» **COLLECTED DATA**
=== Begin Enclosure ===
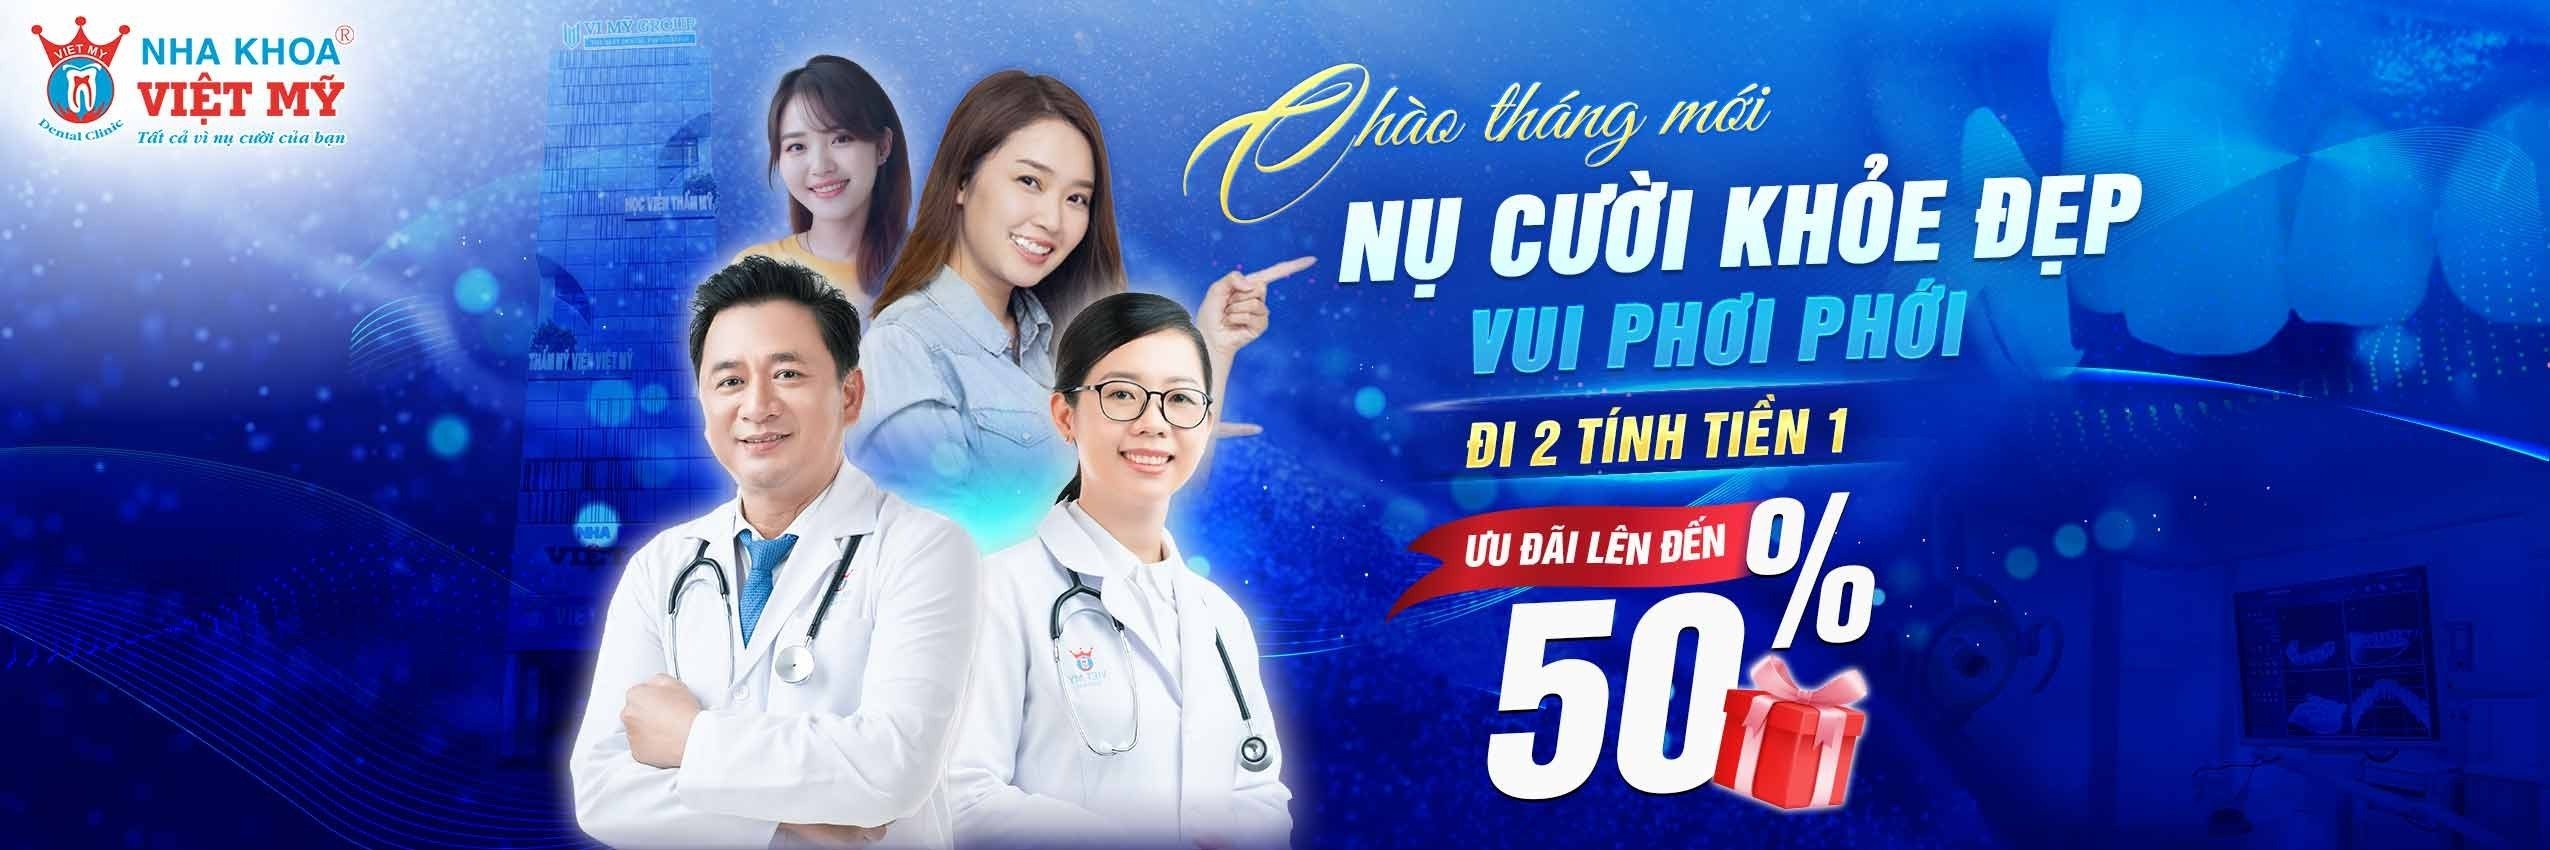 Chuong-trinh-uu-dai-nha-khoa-Viet-My
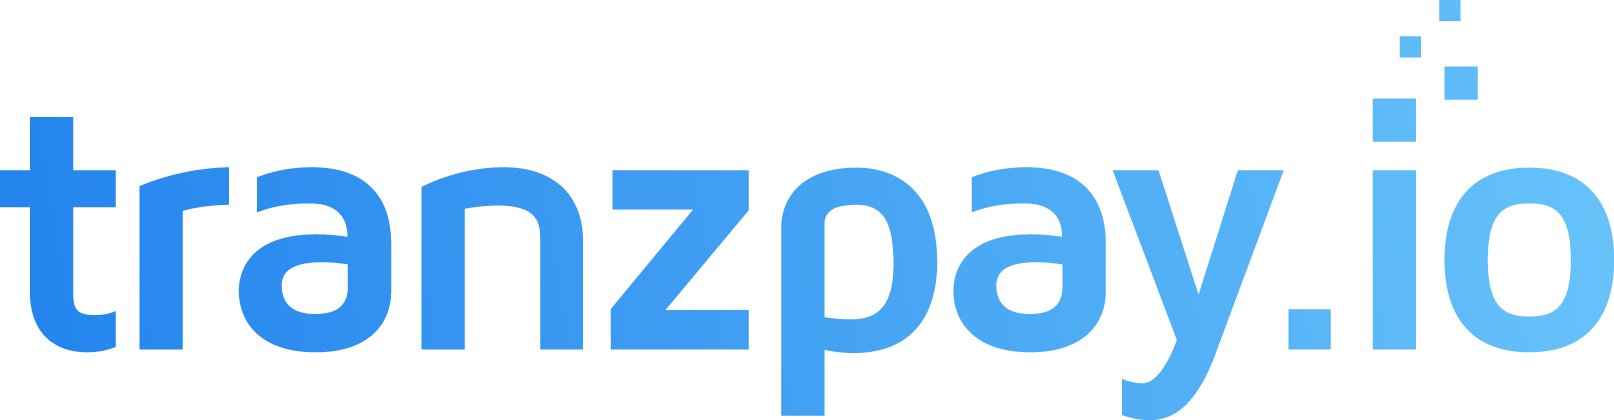 Tranzpay logo transparent
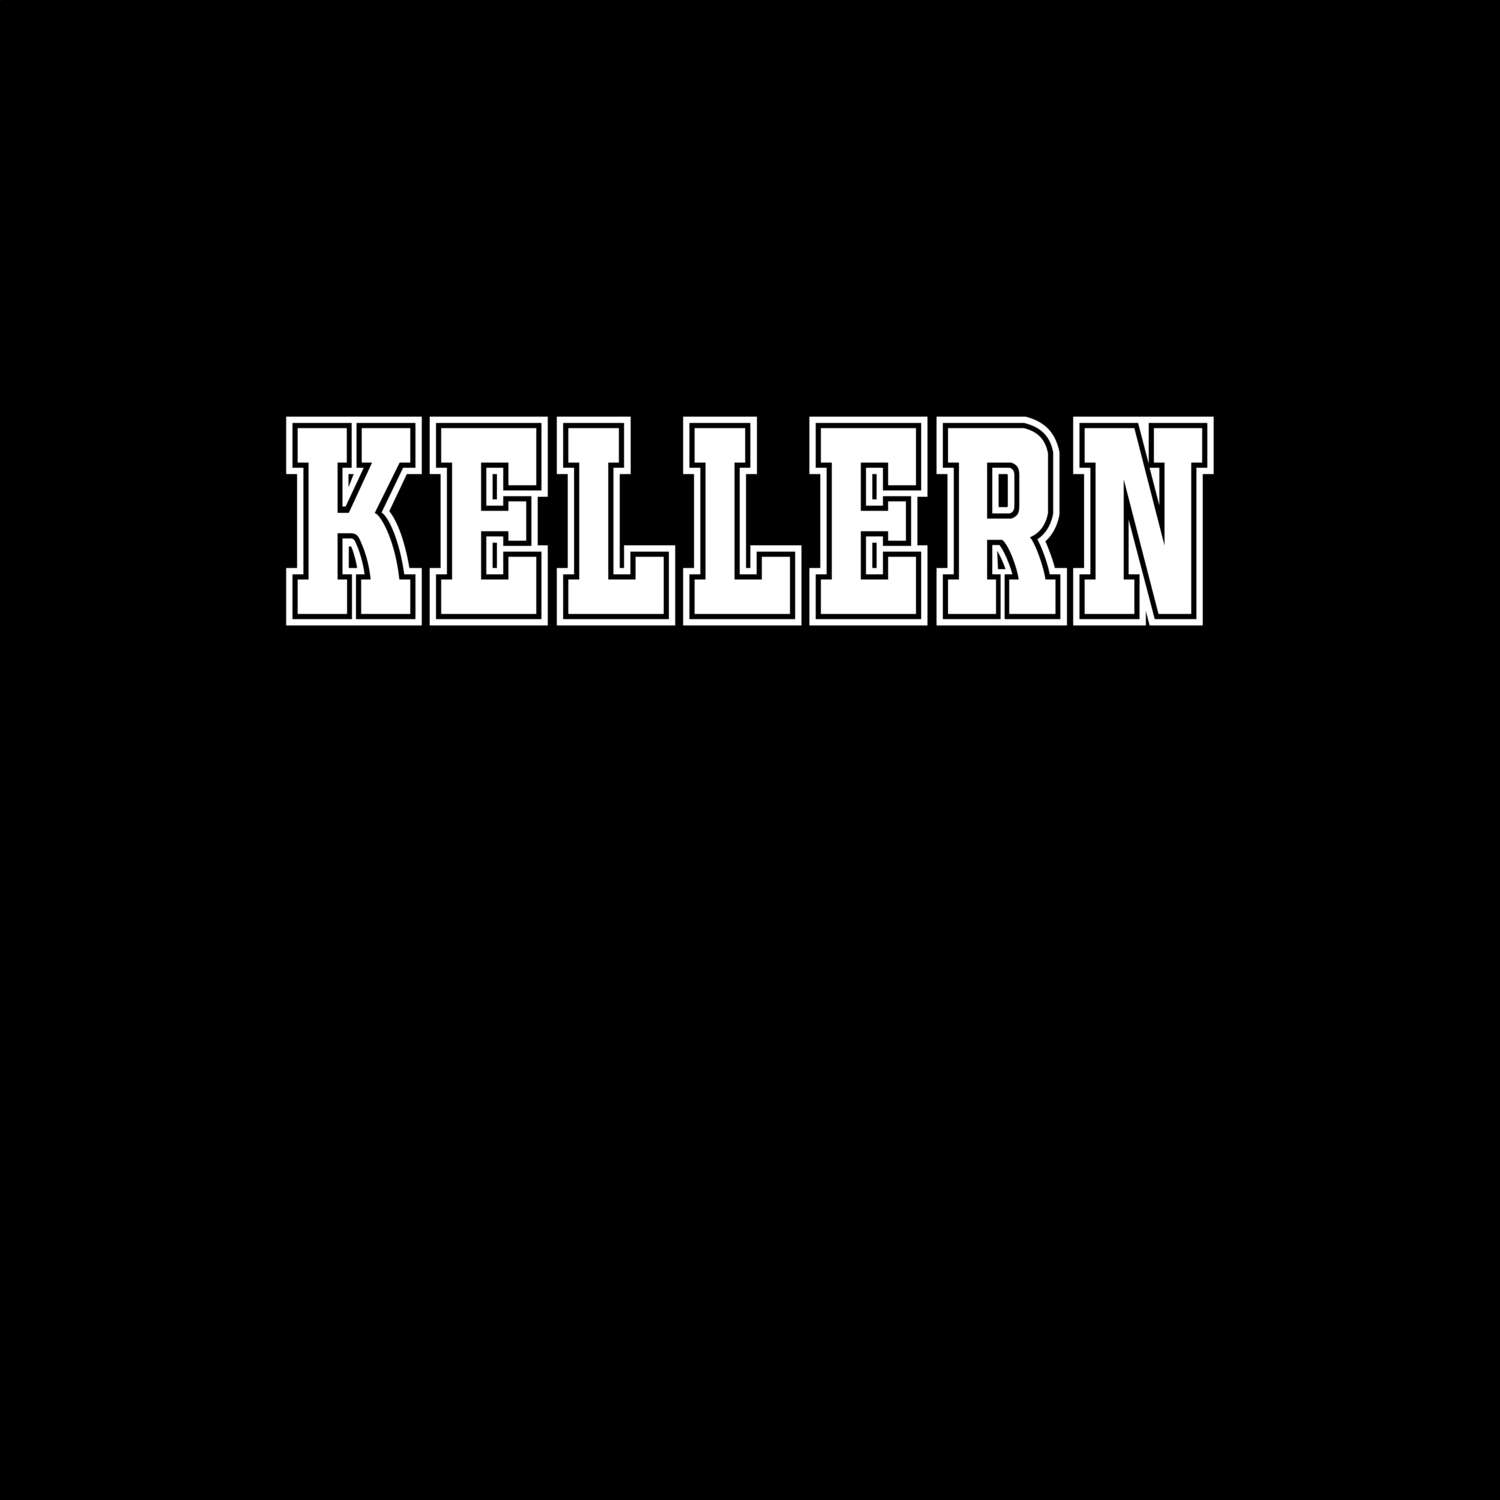 Kellern T-Shirt »Classic«
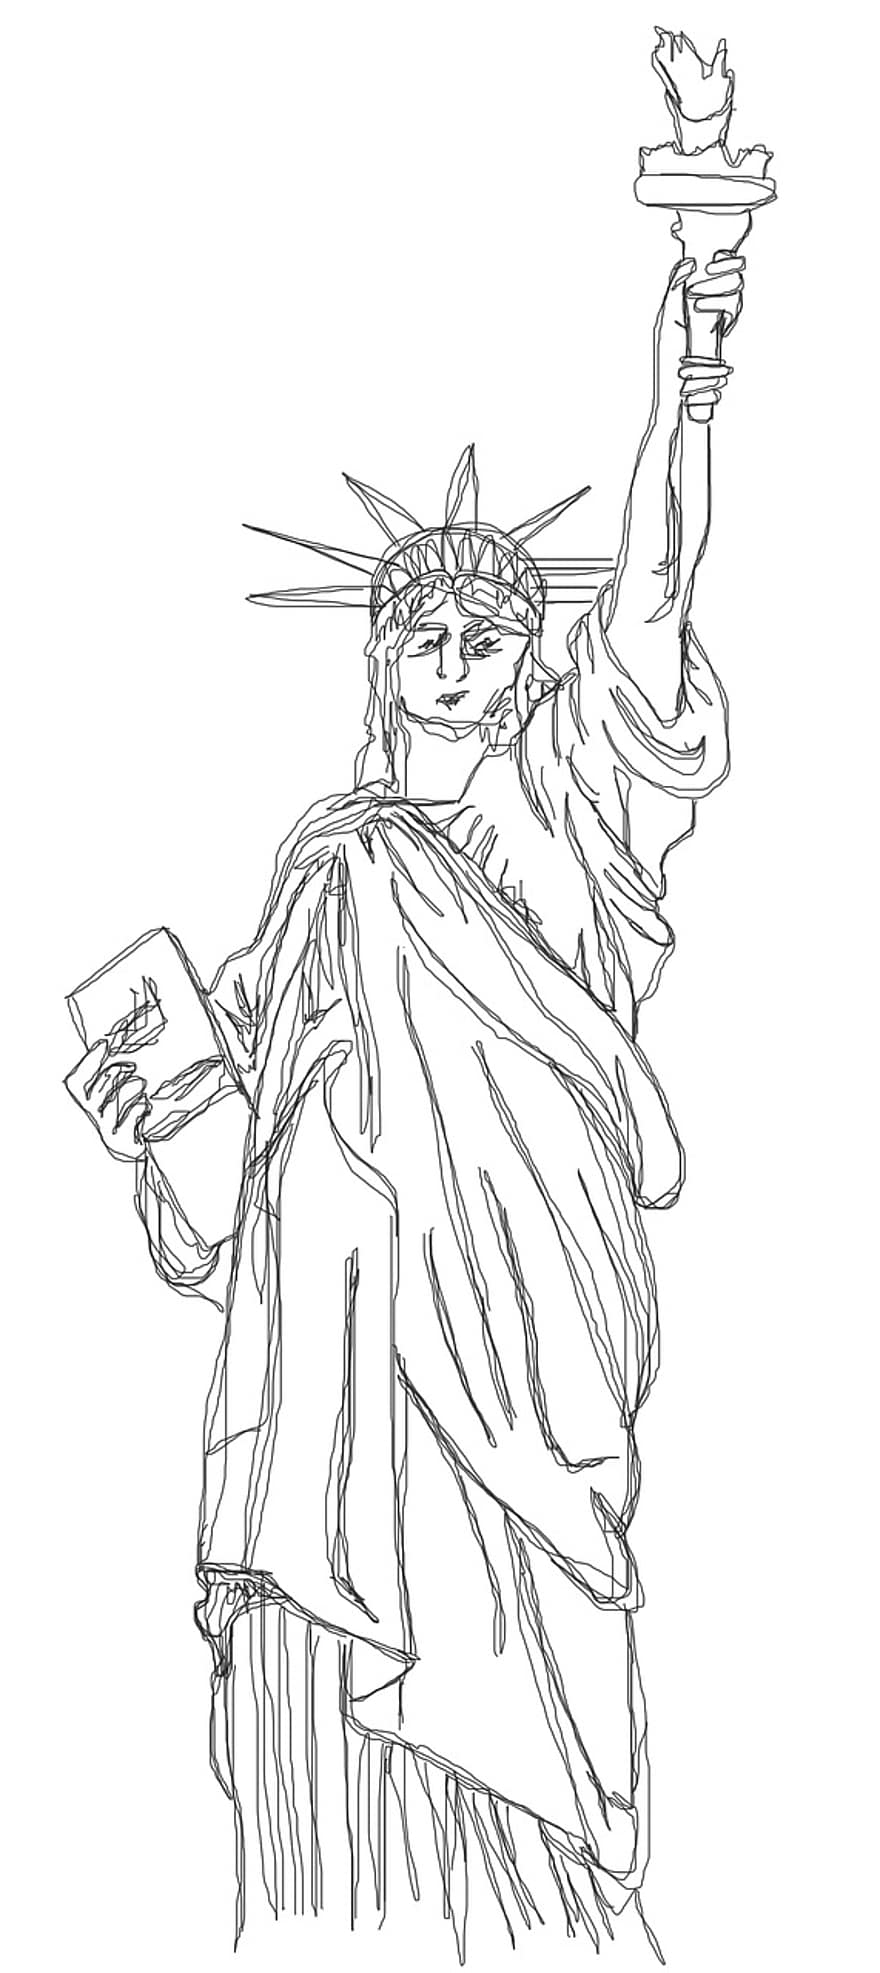 socha svobody, Amerika, New York, socha, dom, symbol, u s, výška, pochodeň, čmáranice, výkres
=== End Enclosure ===
The whole listing should be printed again exactly as written, images excluded.

» **EXPECTED ANSWER**
 Chuong-trinh-uu-dai-nha-khoa-Viet-My
 Tranzpay logo transparent
 Kellern T-Shirt »Classic«
 socha svobody, Amerika, New York, socha, dom, symbol, u s, výška, pochodeň, čmáranice, výkres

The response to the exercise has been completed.